◆ **Excerpts from a dataset**
────────────────

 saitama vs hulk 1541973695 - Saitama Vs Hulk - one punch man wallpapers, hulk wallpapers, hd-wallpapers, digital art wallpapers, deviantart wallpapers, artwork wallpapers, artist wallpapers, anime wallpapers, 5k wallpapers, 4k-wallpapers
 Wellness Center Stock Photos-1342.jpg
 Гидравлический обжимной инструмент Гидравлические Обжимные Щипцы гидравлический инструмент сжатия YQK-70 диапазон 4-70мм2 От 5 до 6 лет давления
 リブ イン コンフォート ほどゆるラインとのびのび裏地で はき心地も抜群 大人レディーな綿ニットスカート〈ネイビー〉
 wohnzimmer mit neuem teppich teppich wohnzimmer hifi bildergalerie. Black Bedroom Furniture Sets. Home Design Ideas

────────────────

◆ **TASK ITEM**
Start at the line with "Wellness Center Stock Photos-1342.jpg". Give that line and every line after it again, word for word, through the last line above.

◆ **OUTPUT BELOW**
 Wellness Center Stock Photos-1342.jpg
 Гидравлический обжимной инструмент Гидравлические Обжимные Щипцы гидравлический инструмент сжатия YQK-70 диапазон 4-70мм2 От 5 до 6 лет давления
 リブ イン コンフォート ほどゆるラインとのびのび裏地で はき心地も抜群 大人レディーな綿ニットスカート〈ネイビー〉
 wohnzimmer mit neuem teppich teppich wohnzimmer hifi bildergalerie. Black Bedroom Furniture Sets. Home Design Ideas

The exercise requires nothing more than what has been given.